● TASK DETAILS
The answer is the full set of records, given again exactly and without images.

----- DATASET RECORDS -----

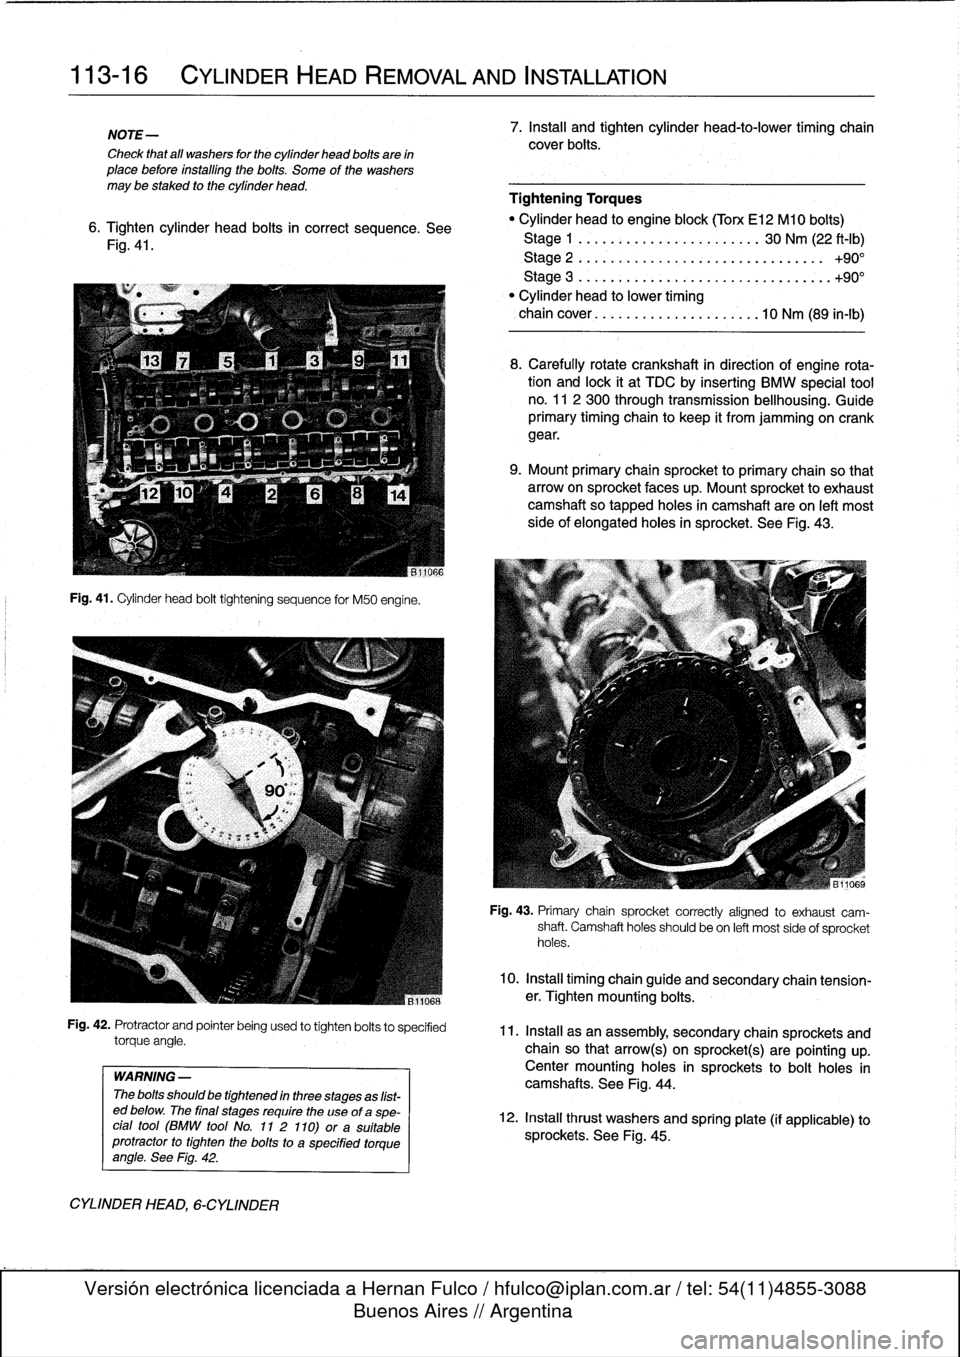 BMW 318i 1998 E36 Owners Guide 
113-16

	

CYLINDER
HEAD
REMOVAL
AND
INSTALLATION

NOTE-

Check
that
all
washers
for
the
cylinder
head
bolts
are
in
place
before
installlng
the
bolts
.
Some
of
the
washers
may
be
staked
to
the
cylind
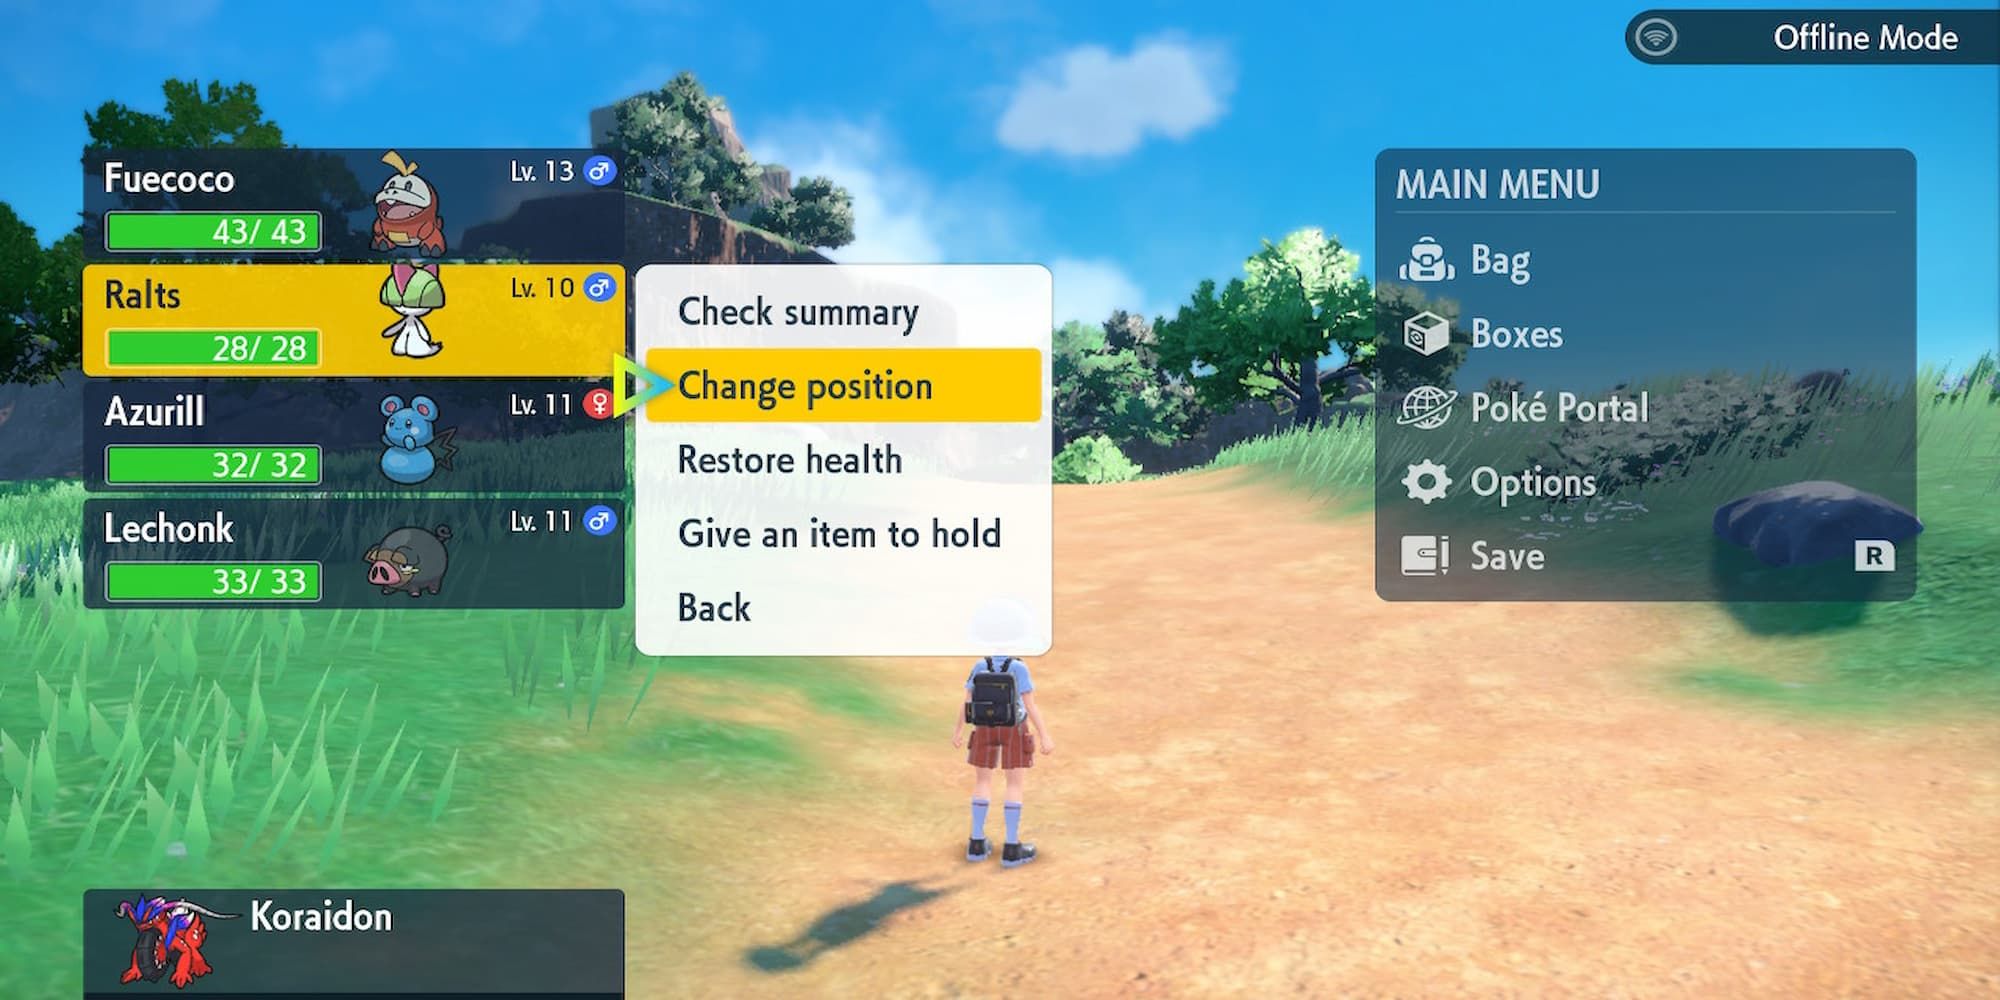 Player Switching Out Their Pokémon In The Menu
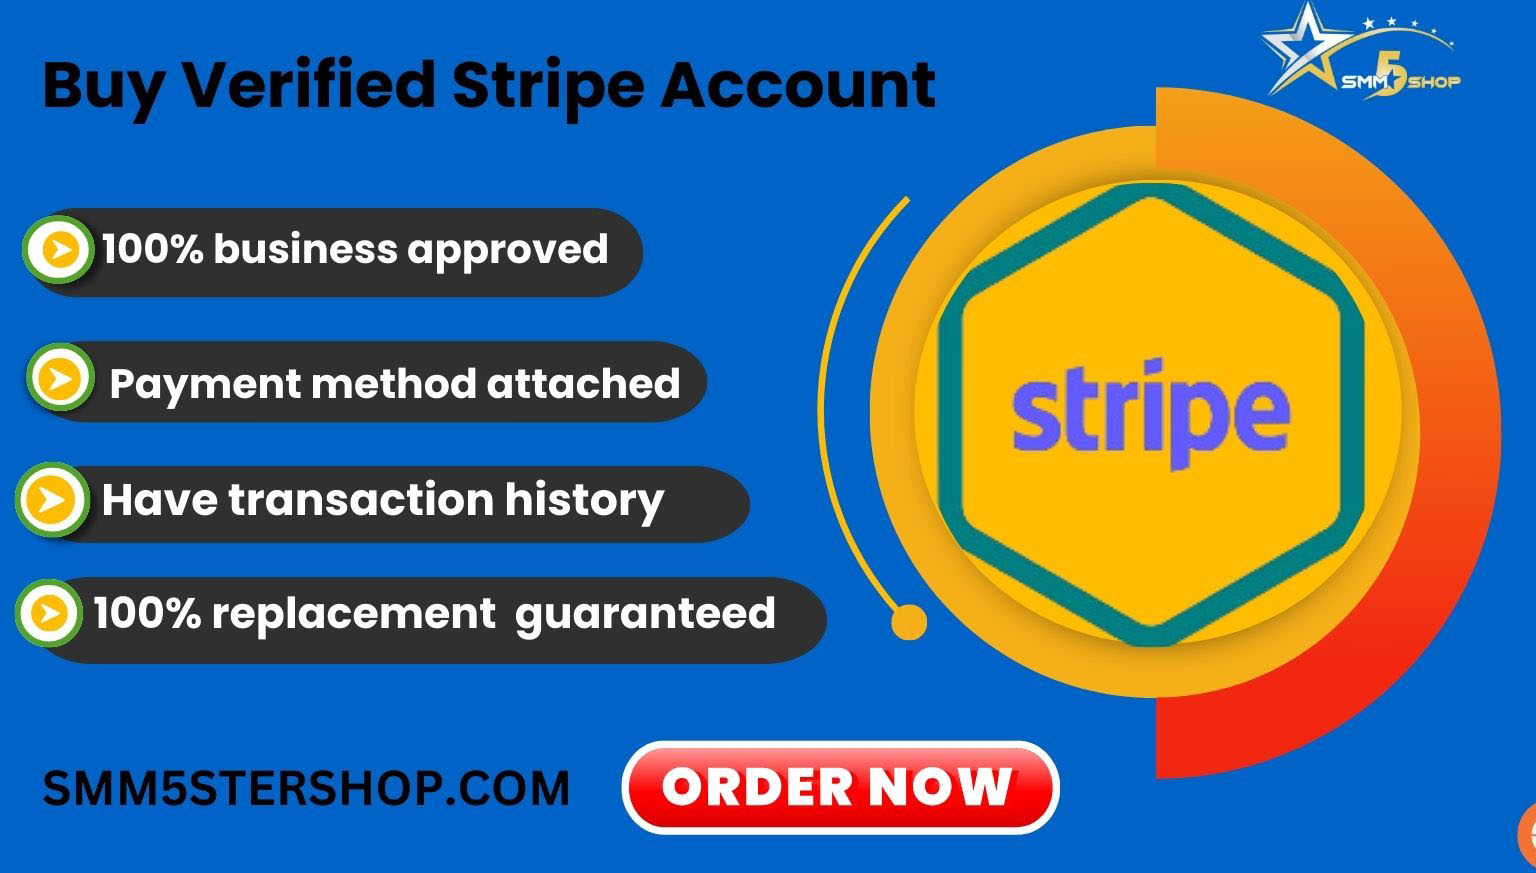 Buy verified stripe account at smm5starshop.com at the best price. Our ccounts will be verified with email, SSN, Drivers’ license, Passport, LLC, TIN, EIN.
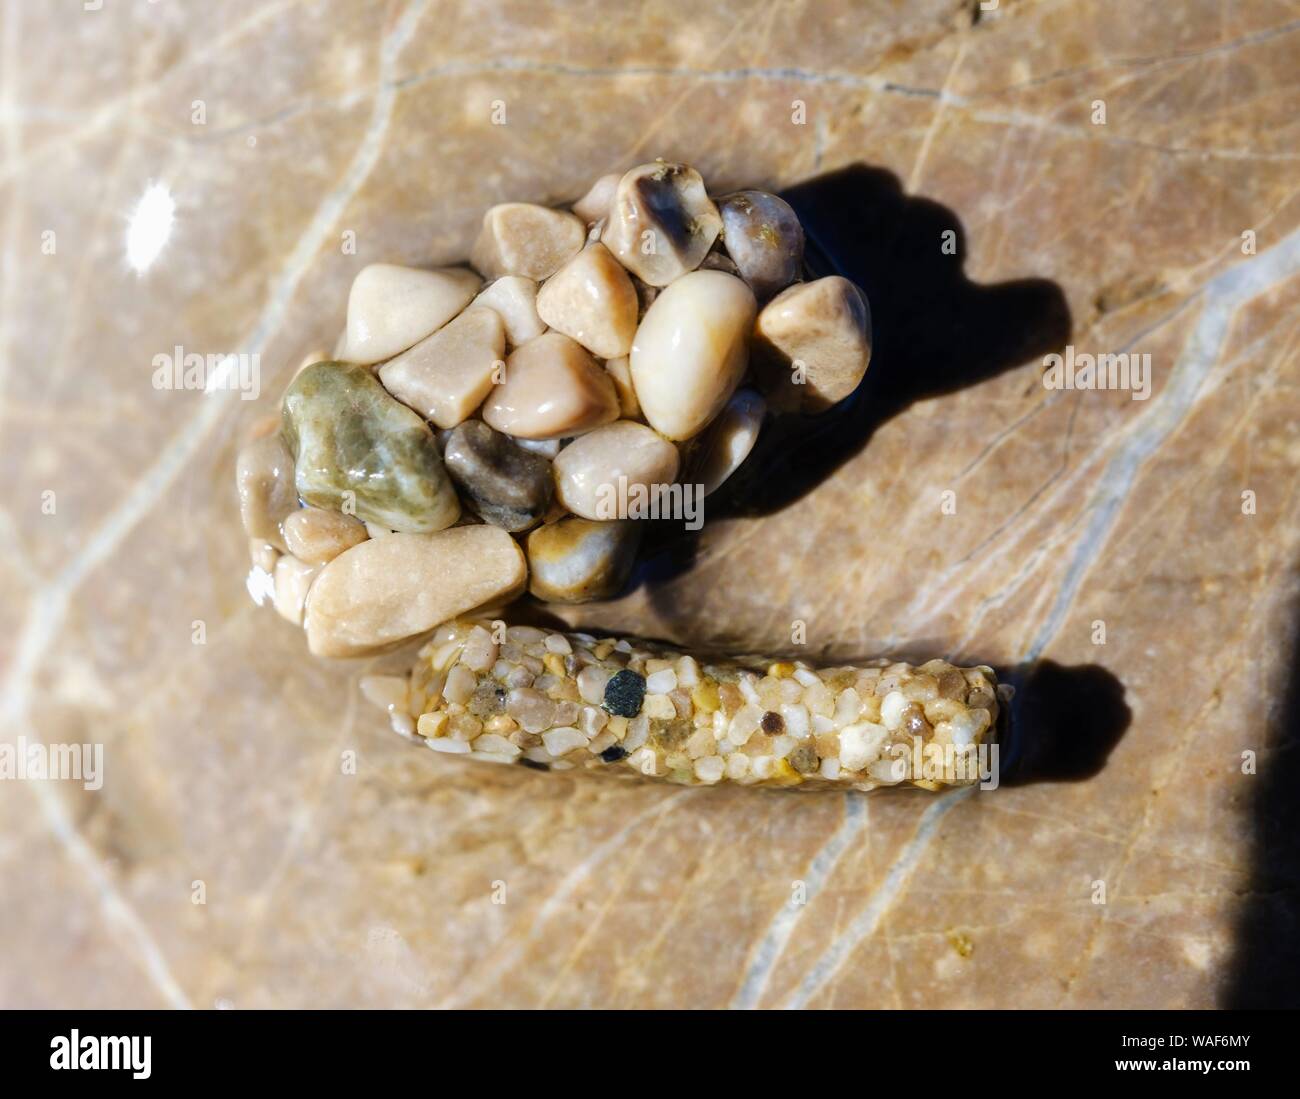 Doll quiver made of small stones and larva by Caddisfly (Trichoptera), protected by small stones, on stone in Isar, Bavaria, Germany Stock Photo

-----

● SOLUTION TO THIS TASK
 BMW 318i 1998 E36 Owners Guide 
113-16

	

CYLINDER
HEAD
REMOVAL
AND
INSTALLATION

NOTE-

Check
that
all
washers
for
the
cylinder
head
bolts
are
in
place
before
installlng
the
bolts
.
Some
of
the
washers
may
be
staked
to
the
cylind
 Player Switching Out Their Pokémon In The Menu
 Buy verified stripe account at smm5starshop.com at the best price. Our ccounts will be verified with email, SSN, Drivers’ license, Passport, LLC, TIN, EIN.
 Doll quiver made of small stones and larva by Caddisfly (Trichoptera), protected by small stones, on stone in Isar, Bavaria, Germany Stock Photo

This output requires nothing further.